COLLECTED DATA:
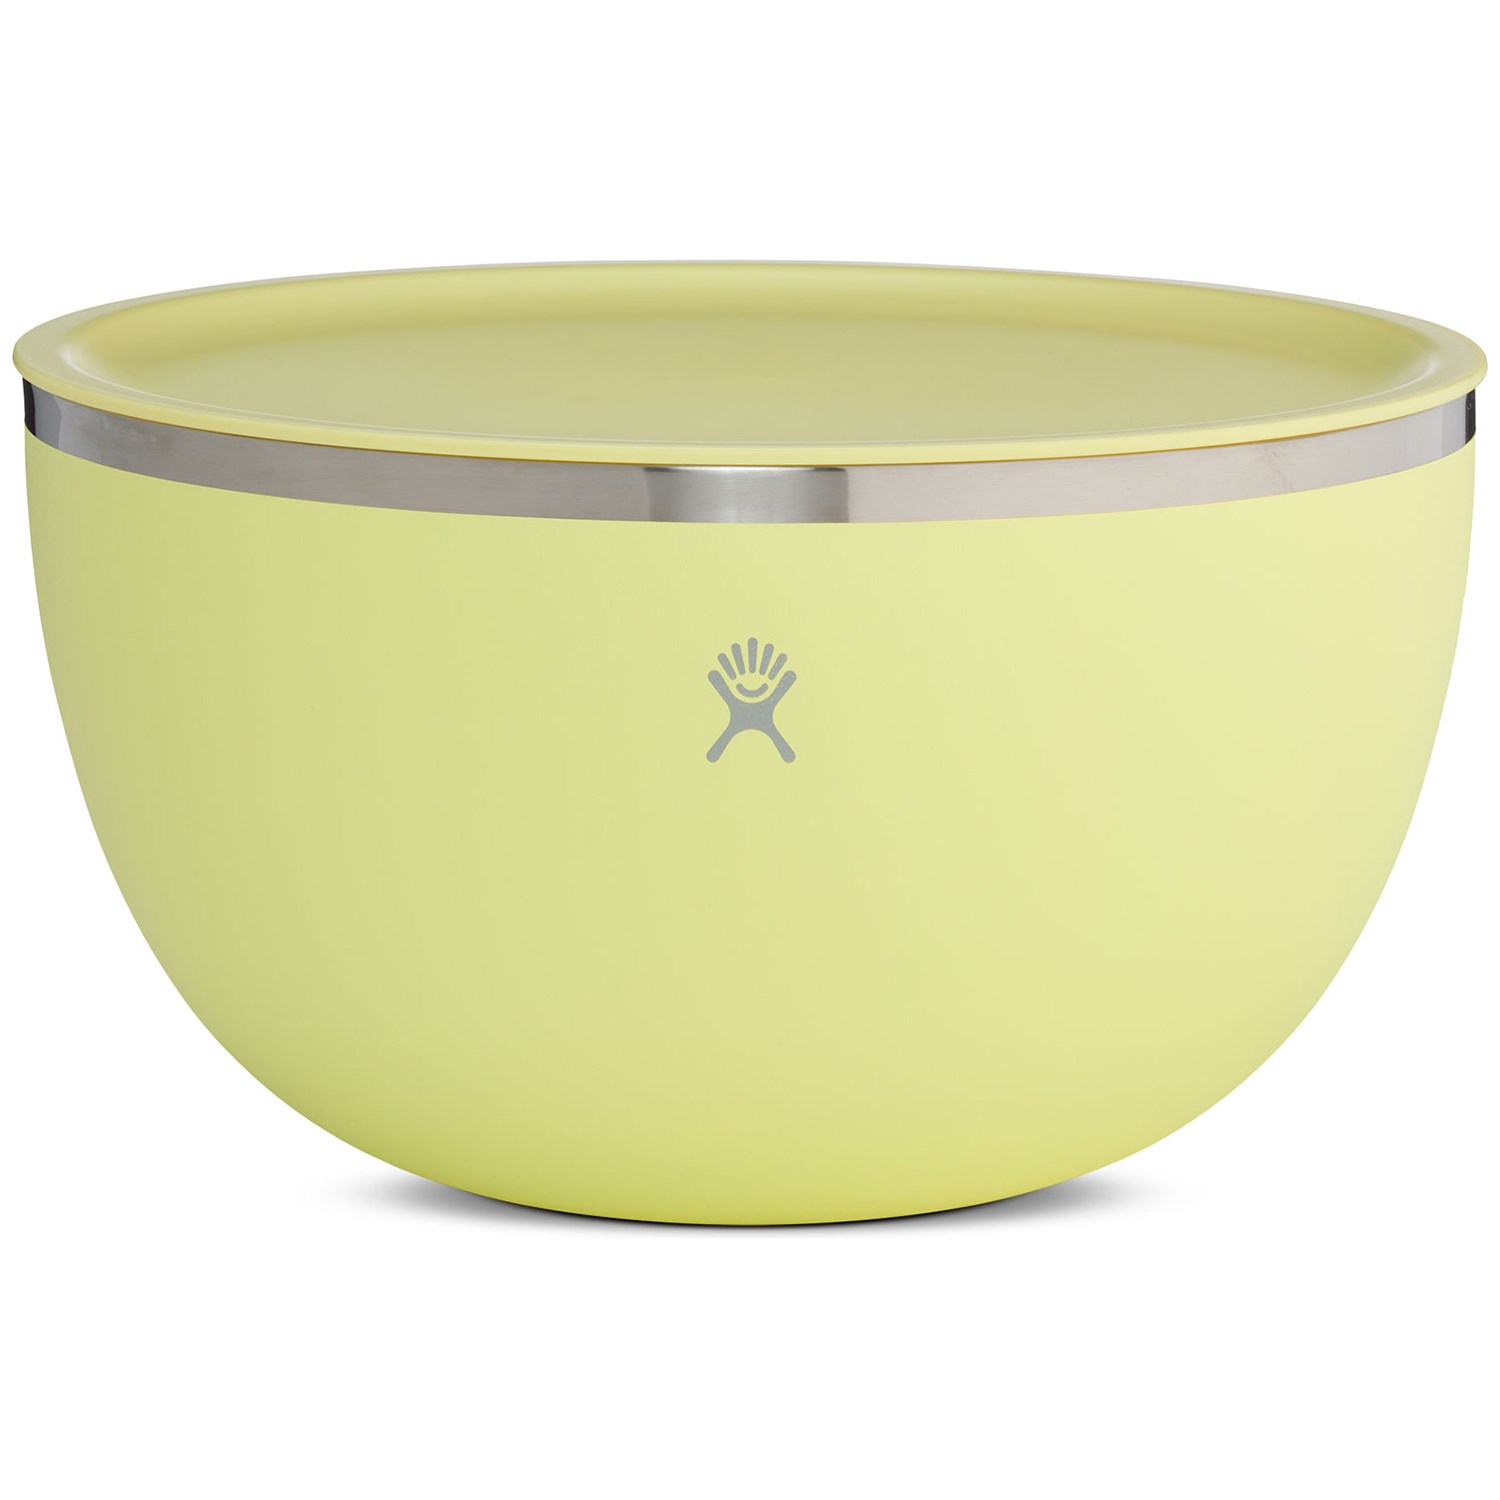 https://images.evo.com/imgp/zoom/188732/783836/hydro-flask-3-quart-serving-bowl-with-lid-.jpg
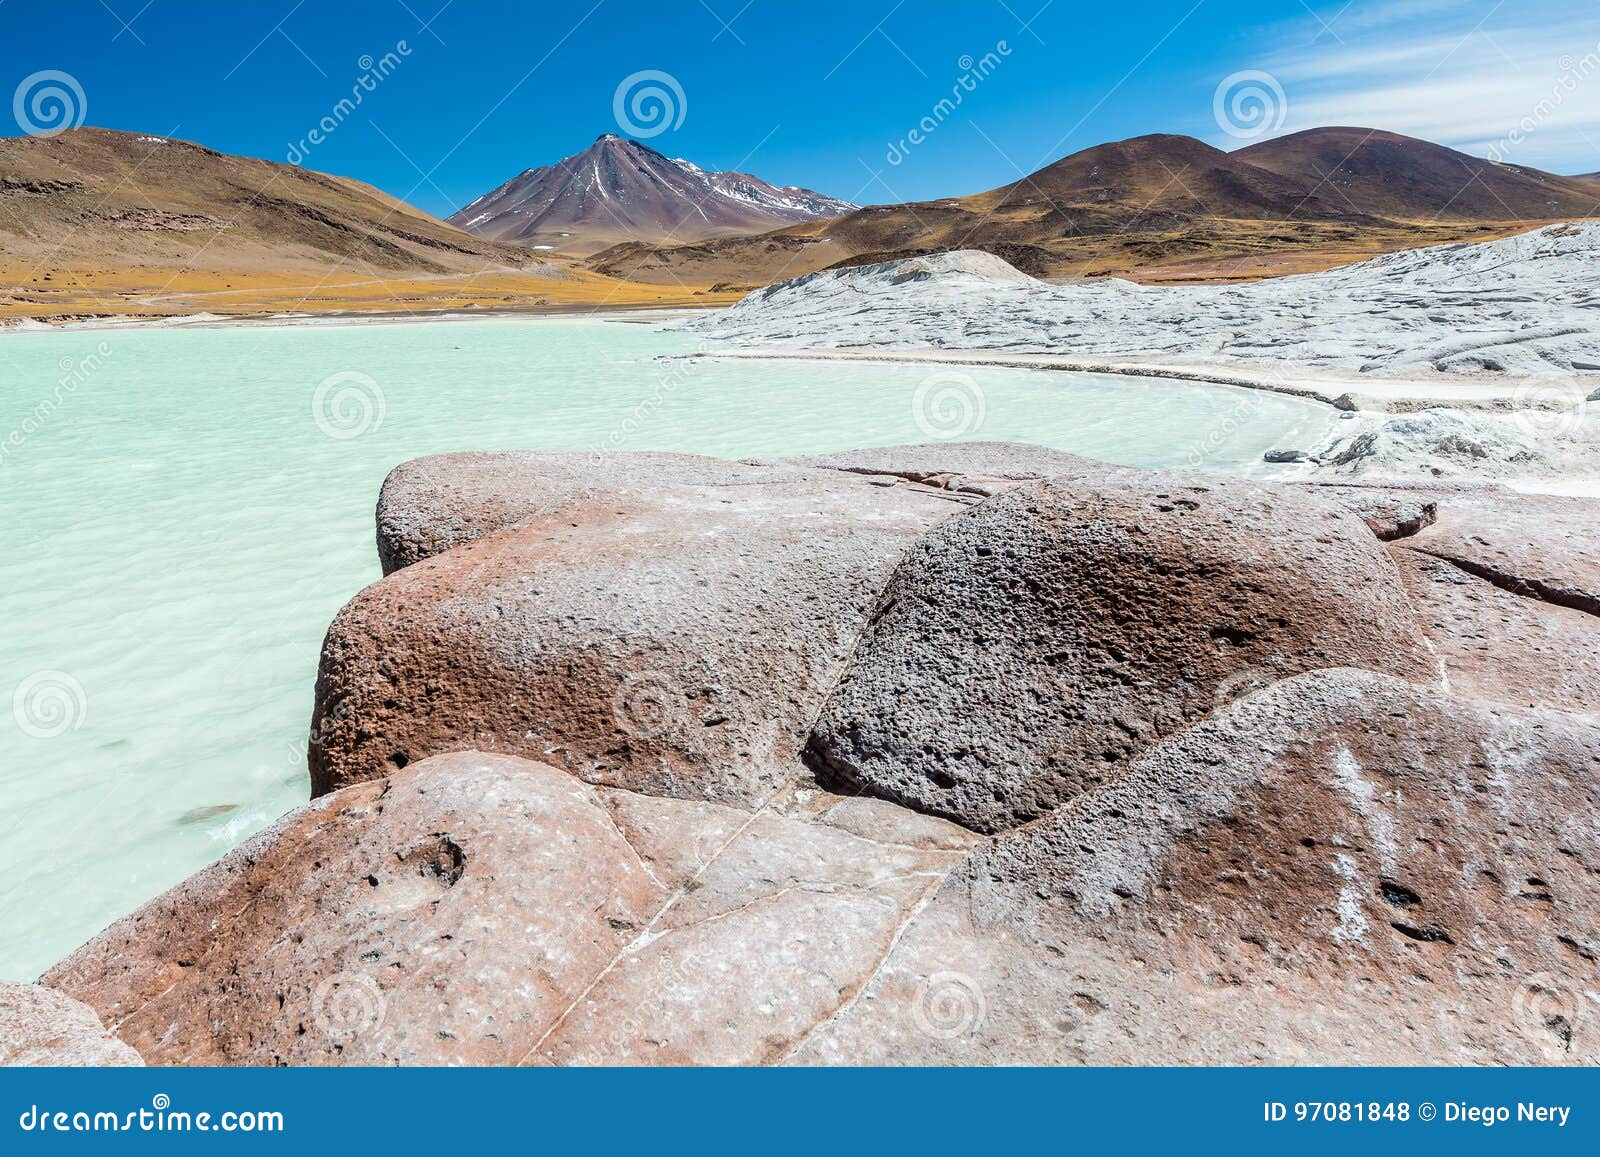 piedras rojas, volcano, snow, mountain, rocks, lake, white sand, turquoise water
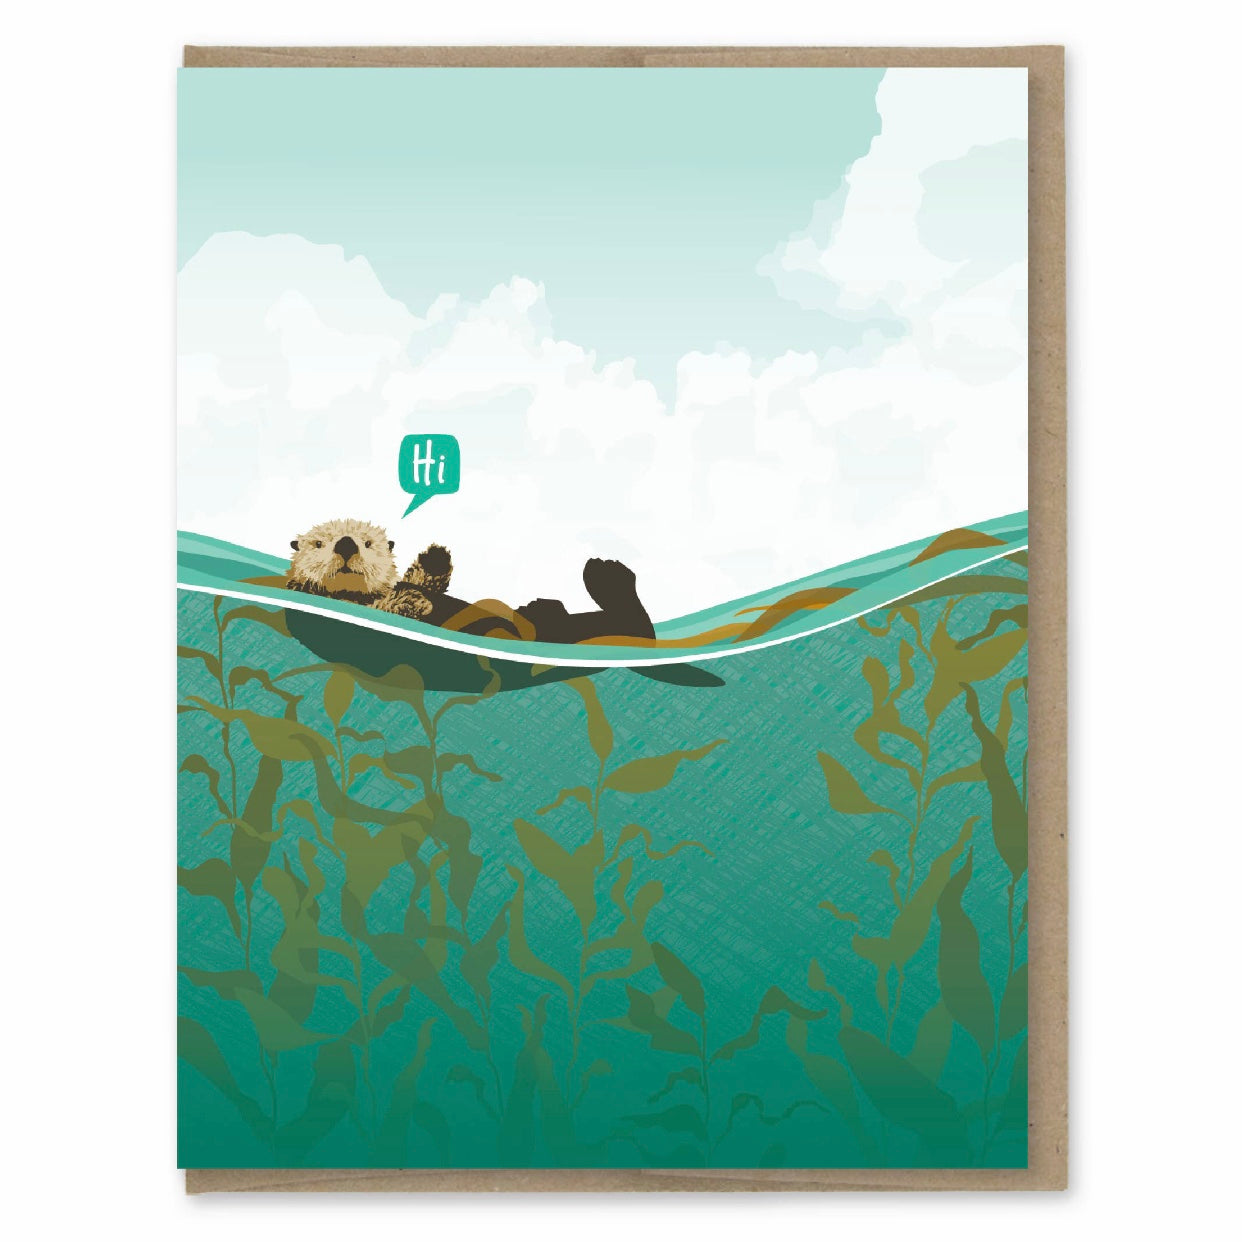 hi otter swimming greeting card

THE TASK:
You are asked to reproduce each line above exactly, but to exclude the pictures.

WRITTEN RESPONSE:
 https://images.evo.com/imgp/zoom/188732/783836/hydro-flask-3-quart-serving-bowl-with-lid-.jpg
 piedras rojas, volcano, snow, mountain, rocks, lake, white sand, turquoise water
 hi otter swimming greeting card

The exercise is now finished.